In order to be qualified to enter, it is very simple, just post the fish you currently have in your collection. This thread is solely for posting what fish you have in your collection, please do not comment on others collections, spam, etc. We want to use this thread to get an overall view of what fish are owned by our members. Sizes are not necessary but you may post them as well.
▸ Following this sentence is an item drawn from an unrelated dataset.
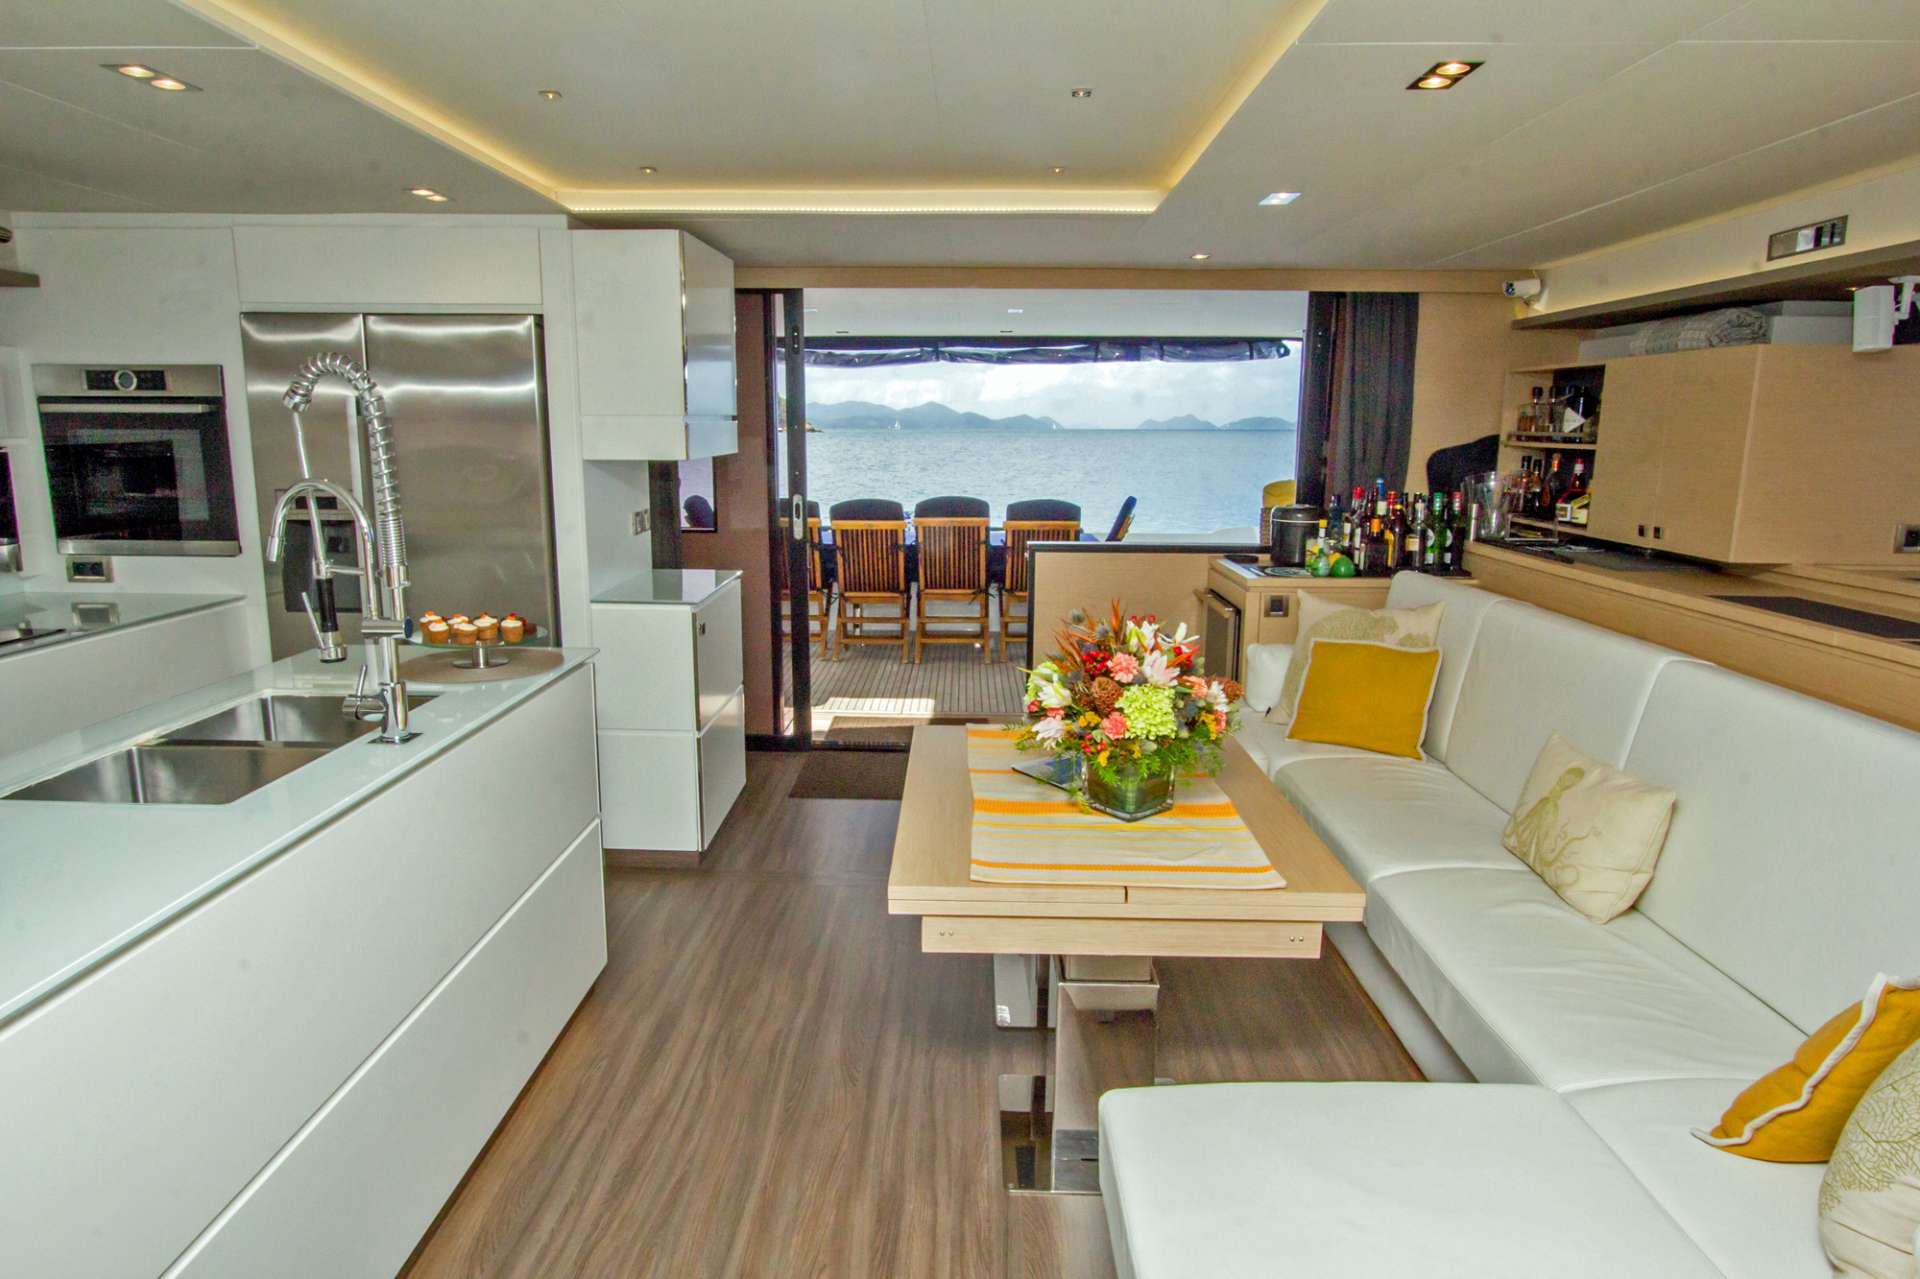 Catamaran Yacht 'NENNE' Gorgeous Main Salon & Open Galley, 10 PAX, 3 Crew, 67.00 Ft, 20.00 Meters, Built 2017, Fountaine Pajot, Refit Year The latest, 2020 electronics and equipment onboard. New larger tender June 2019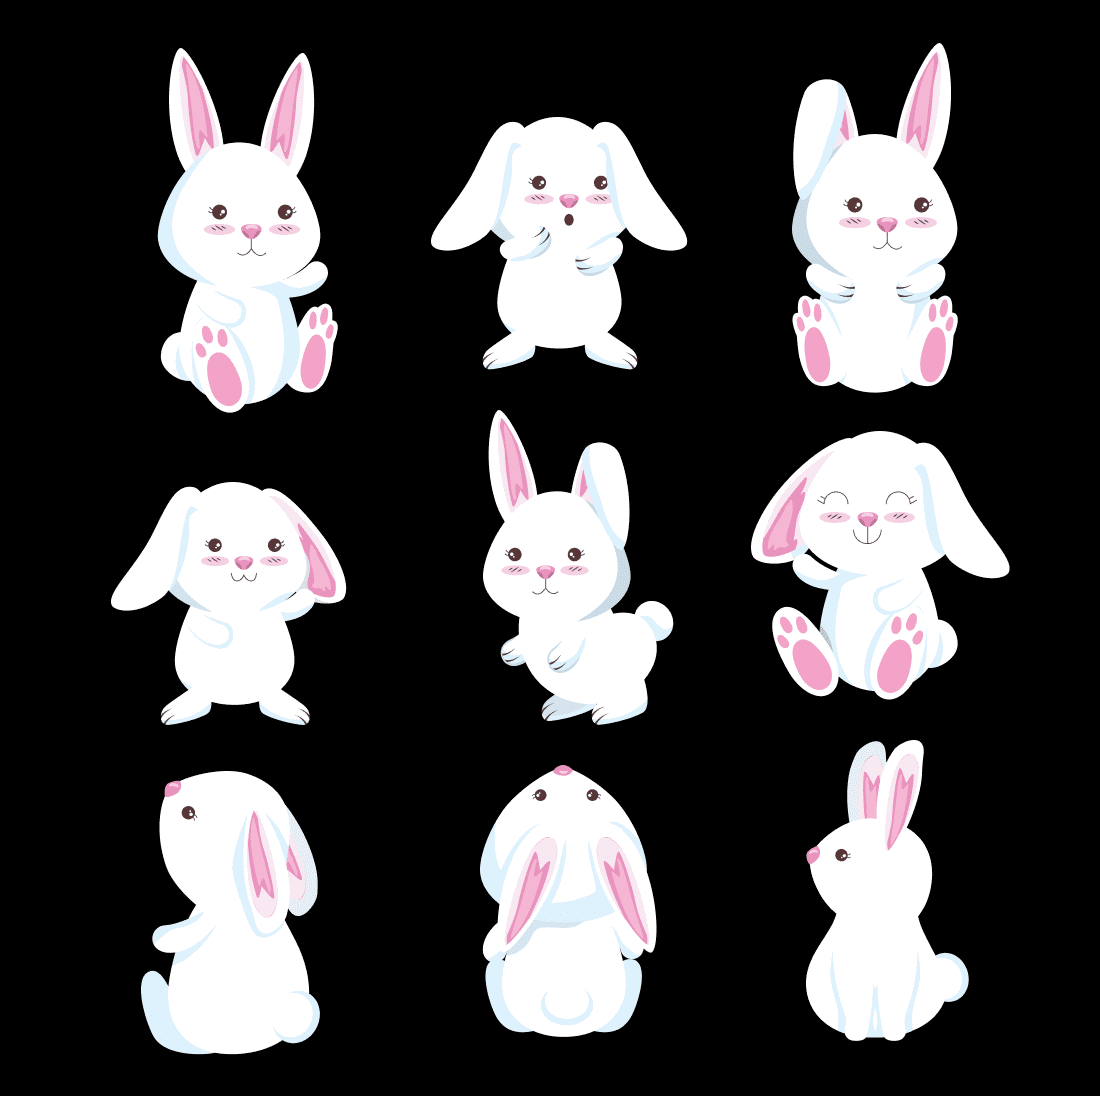 Bunch of white rabbits with different expressions.

A sample of what your post may look like:

"In my collection I currently have:
-	2 Black Diamond Rhoms
-	1 Geryi
-	1 Maculatus"

Or

"2 Black Diamonds
1 Geryi
1 Maculatus"

Thank you for not spamming, etc, and this will be a great way to see what is currently out there.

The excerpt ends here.